KANSAS CITY, Mo. -- The Environmental Protection Agency launched an effort Thursday to reduce emissions in a string of central states, in part through voluntary corporate changes.
The Blue Skyways Collaborative focuses on the heavily trafficked Interstate 35, running through the nation's midsection to two international borders. It aims to cut diesel emissions from trucks, construction equipment and farm machinery, to implement use of alternative energy sources, and to look for innovative ways to curb pollution everywhere from rail yards to airports.
"We're looking for large payoffs," said Jim Gulliford, administrator for the EPA's Region 7, which covers Iowa, Kansas, Missouri and Nebraska. "But they're done incrementally."
Officials pointed to about $9.3 million in funding for various projects, but the initiative is largely unfunded, relying on voluntary environmental improvements by businesses and municipalities. They're hoping to coax potentially expensive changes by pushing methods that could bring long-term cost cuts and by giving participants choices that federal regulations would not.
"Whether a regulatory agency does it or Congress gets around to doing it, there's going to be a need to get more reductions," said Richard Greene, the EPA administrator for Region 6, which includes Oklahoma, Arkansas, Louisiana and Texas. "They get to chart their own future."
Dozens of representatives from companies including Wal-Mart Stores Inc., cities such as Omaha, Neb., and Houston, and officials representing defense, agriculture and health interests took part in discussions leading up to the Blue Skyways launch.

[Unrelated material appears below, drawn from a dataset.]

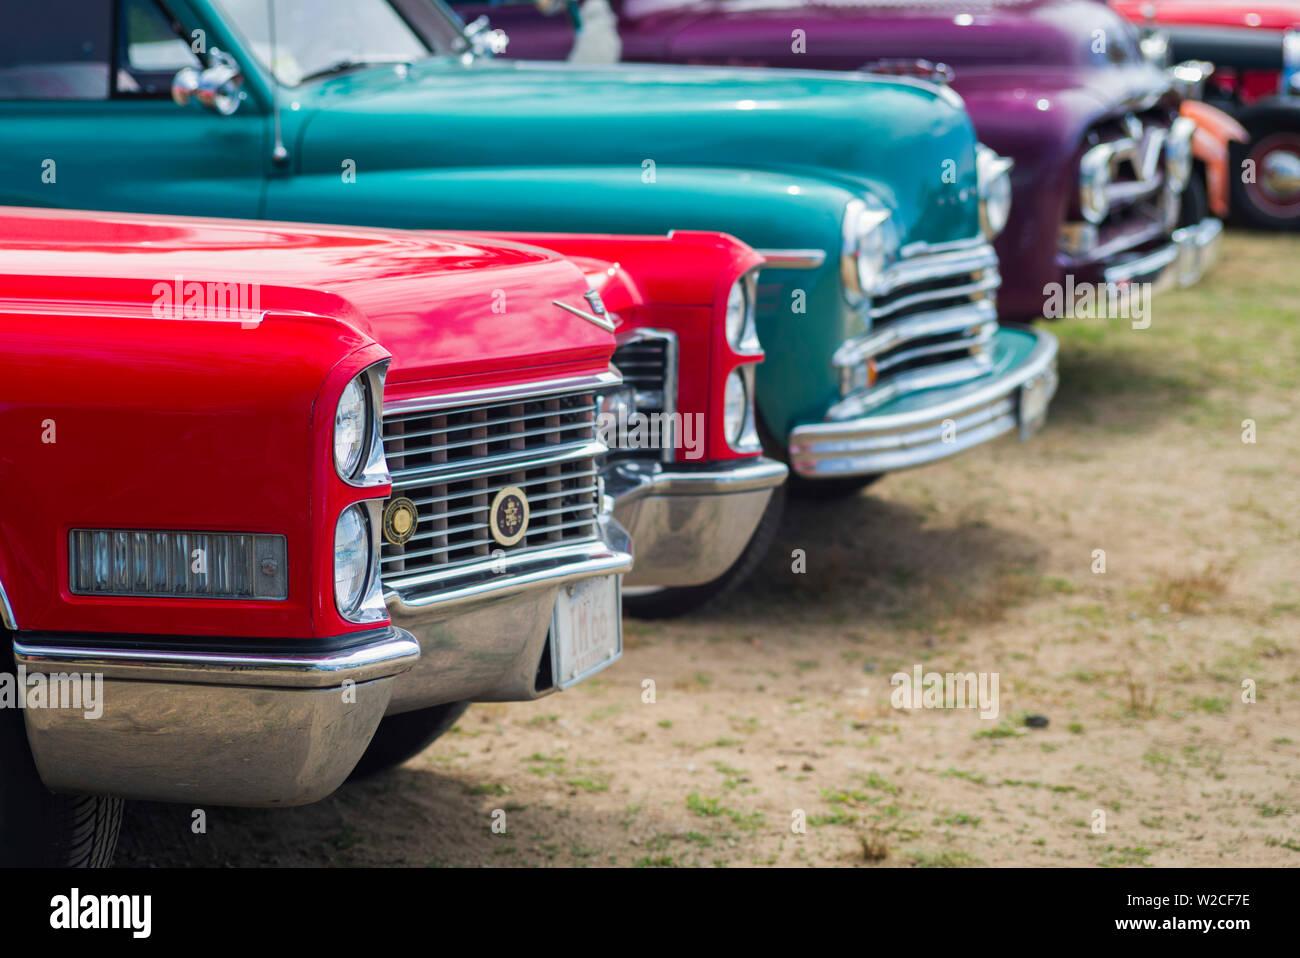 USA, Massachusetts, Cape Ann, Gloucester, Antique car show, voitures anciennes Photo Stock

In all, the eight states of the EPA's sixth and seventh regions are involved in the effort with Minnesota. The EPA also is working with representatives of Mexico and Canada.
In a two-day meeting here, participants heard of all types of possibilities to cut emissions: retrofitting truck engines, electrifying truck stops so vehicles parked overnight need not burn diesel, using lead battery-powered cars at rail yards to move other cars, reducing school bus pollution, and having airplanes use only one engine as they taxi to and from the gate.

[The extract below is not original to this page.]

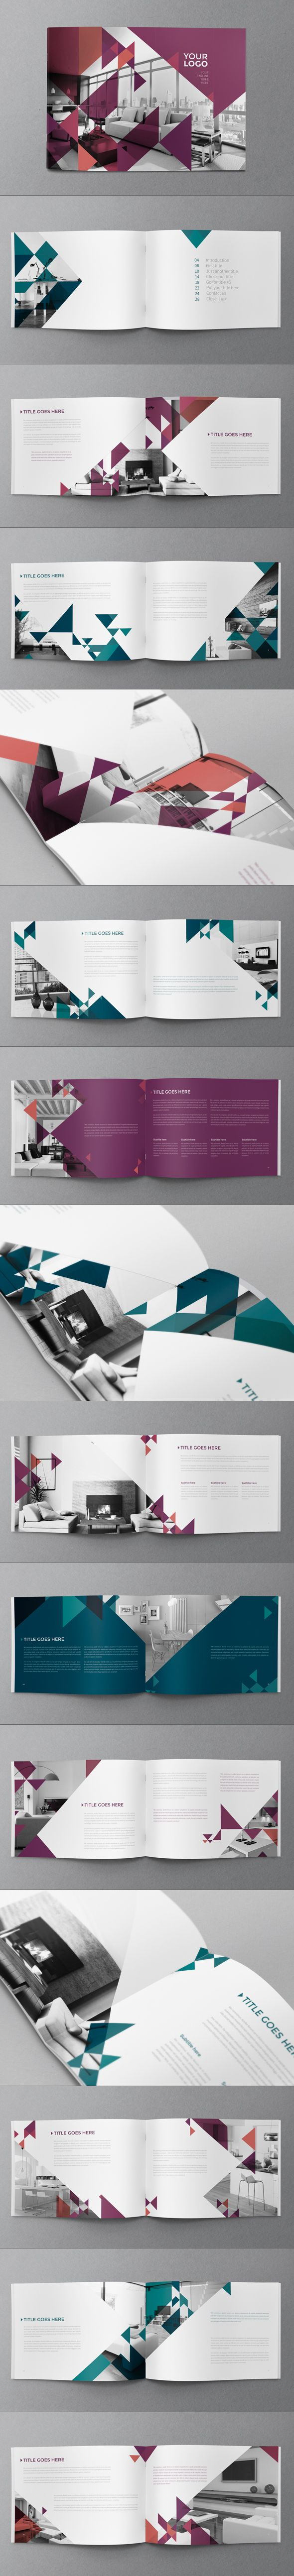 Modern Red Blue Brochure by Abra Design, via Behance

"Every little bit counts," Greene said.
Annette Sharp, executive director of the Oklahoma City-based environmental nonprofit Central States Air Resources Agencies, said Blue Skyways is focusing on pollution coming from industries that are not regulated, such as airports and trucking.
"They all have emissions," Sharp said. "The only way to reduce them is voluntarily."
Gulliford conceded the proposed measures must make good business sense to attract private-sector partners.
"We know we won't be able to keep them interested if we don't do their needs as well as environmental needs," he said.